By analyzing existing cross correlation between Mogu Inc ADR and Chewy Inc, you can compare the effects of market volatilities on Mogu Inc and Chewy and check how they will diversify away market risk if combined in the same portfolio for a given time horizon. You can also utilize pair trading strategies of matching a long position in Mogu Inc with a short position of Chewy. Check out your portfolio center. Please also check ongoing floating volatility patterns of Mogu Inc and Chewy.

Diversification Opportunities for Mogu Inc and Chewy

0.9
  Correlation Coefficient

Almost no diversification

The 3 months correlation between Mogu Inc and Chewy is 0.9. Overlapping area represents the amount of risk that can be diversified away by holding Mogu Inc ADR and Chewy Inc in the same portfolio, assuming nothing else is changed. The correlation between historical prices or returns on Chewy Inc and Mogu Inc is a relative statistical measure of the degree to which these equity instruments tend to move together. The correlation coefficient measures the extent to which returns on Mogu Inc ADR are associated (or correlated) with Chewy.

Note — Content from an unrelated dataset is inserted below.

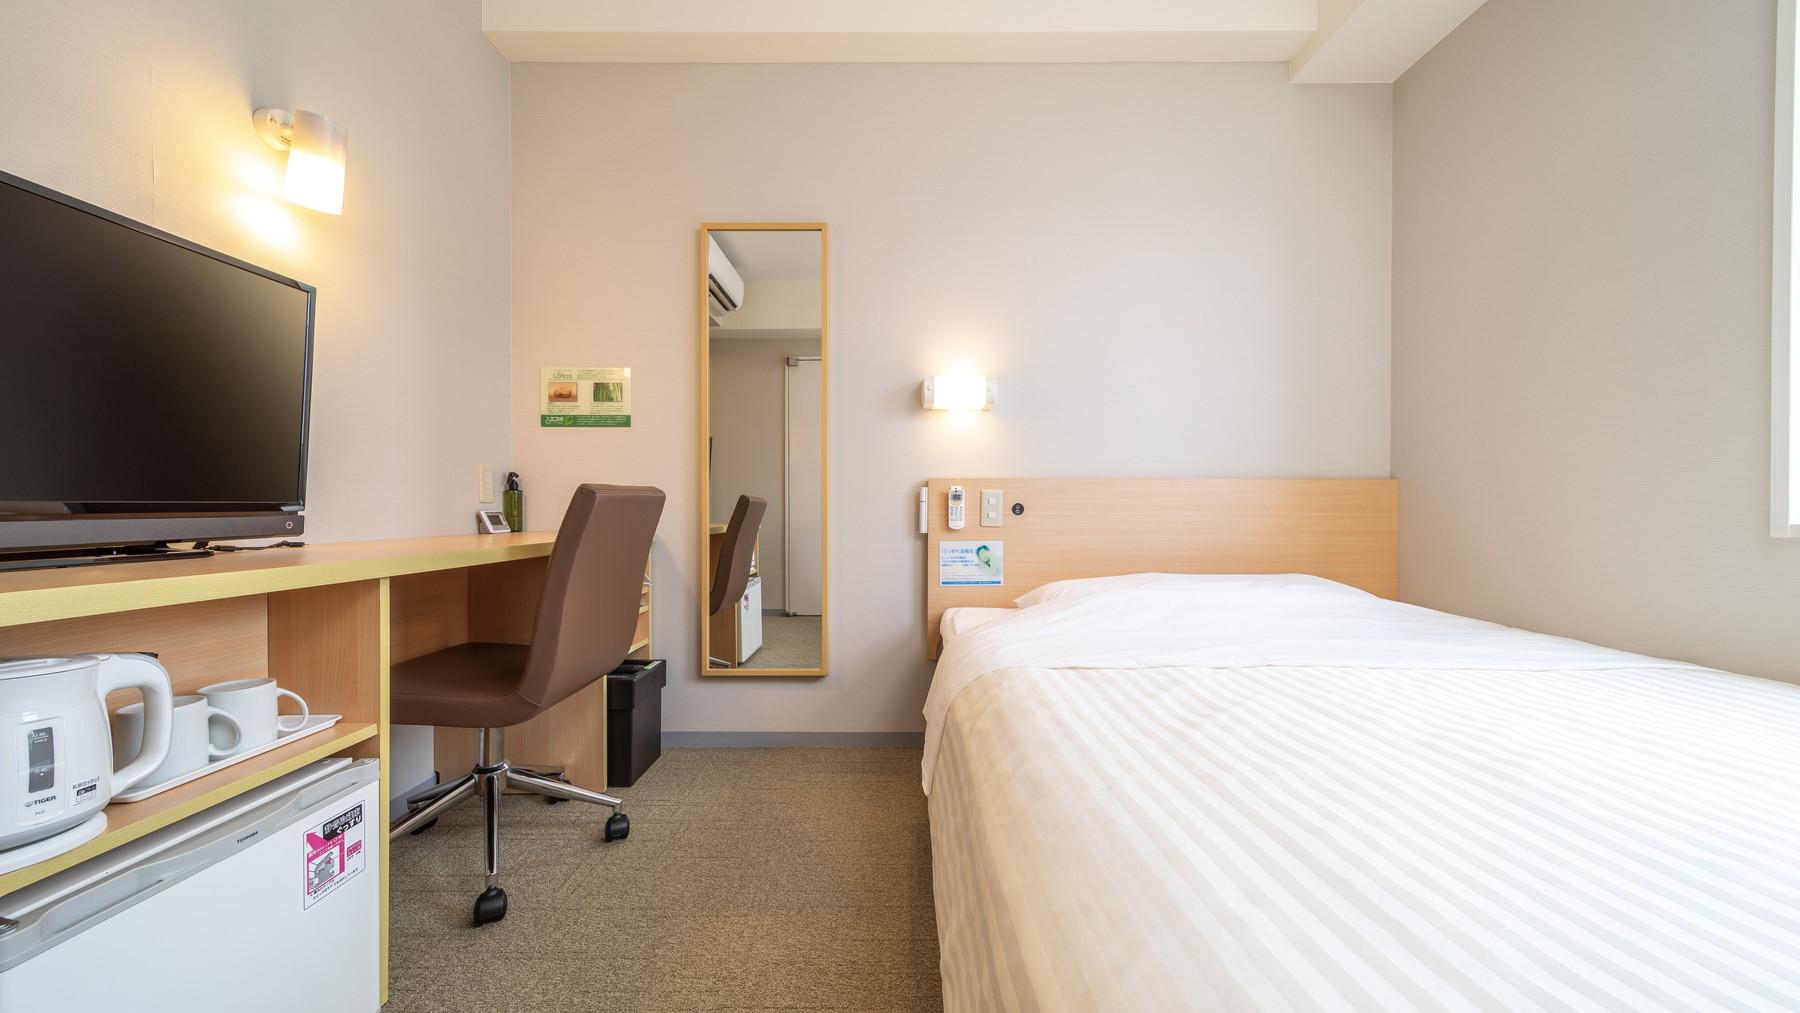 スタンダードなお部屋でもベッドは150cm幅のダブルベッド♪

Values of the correlation coefficient range from -1 to +1, where. The correlation of zero (0) is possible when the price movement of Chewy Inc has no effect on the direction of Mogu Inc i.e., Mogu Inc and Chewy go up and down completely randomly.

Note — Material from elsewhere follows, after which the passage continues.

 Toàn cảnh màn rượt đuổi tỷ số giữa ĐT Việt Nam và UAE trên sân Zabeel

Pair Corralation between Mogu Inc and Chewy

Given the investment horizon of 90 days Mogu Inc ADR is expected to generate 1.28 times more return on investment than Chewy. However, Mogu Inc is 1.28 times more volatile than Chewy Inc. It trades about -0.07 of its potential returns per unit of risk. Chewy Inc is currently generating about -0.24 per unit of risk. If you would invest  266.00  in Mogu Inc ADR on February 20, 2022 and sell it today you would lose (51.00)  from holding Mogu Inc ADR or give up 19.17% of portfolio value over 90 days.
Time Period3 Months [change]
DirectionMoves Together 
StrengthVery Strong
Accuracy100.0%
ValuesDaily Returns

Mogu Inc ADR  vs.  Chewy Inc

 Performance (%) 
      Timeline 
Mogu Inc ADR 
Mogu Inc Performance
0 of 100
Over the last 90 days Mogu Inc ADR has generated negative risk-adjusted returns adding no value to investors with long positions. In spite of fragile performance in the last few months, the Stock's technical and fundamental indicators remain comparatively stable which may send shares a bit higher in June 2022. The newest uproar may also be a sign of mid-term up-swing for the firm private investors.

Mogu Inc Price Channel

Chewy Inc 
Chewy Performance
0 of 100
Over the last 90 days Chewy Inc has generated negative risk-adjusted returns adding no value to investors with long positions. In spite of unsteady performance in the last few months, the Stock's basic indicators remain fairly strong which may send shares a bit higher in June 2022. The current disturbance may also be a sign of long term up-swing for the company investors.

Chewy Price Channel

Mogu Inc and Chewy Volatility Contrast

 Predicted Return Density 
      Returns 

Pair Trading with Mogu Inc and Chewy

The main advantage of trading using opposite Mogu Inc and Chewy positions is that it hedges away some unsystematic risk. Because of two separate transactions, even if Mogu Inc position performs unexpectedly, Chewy can make up some of the losses. Pair trading also minimizes risk from directional movements in the market. For example, if an entire industry or sector drops because of unexpected headlines, the short position in Chewy will offset losses from the drop in Chewy's long position.
The idea behind Mogu Inc ADR and Chewy Inc pairs trading is to make the combined position market-neutral, meaning the overall market's direction will not affect its win or loss (or potential downside or upside). This can be achieved by designing a pairs trade with two highly correlated stocks or equities that operate in a similar space or sector, making it possible to obtain profits through simple and relatively low-risk investment.
Check out your portfolio center. Note that this page's information should be used as a complementary analysis to find the right mix of equity instruments to add to your existing portfolios or create a brand new portfolio. You can also try Companies Directory module to evaluate performance of over 100,000 Stocks, Funds, and ETFs against different fundamentals.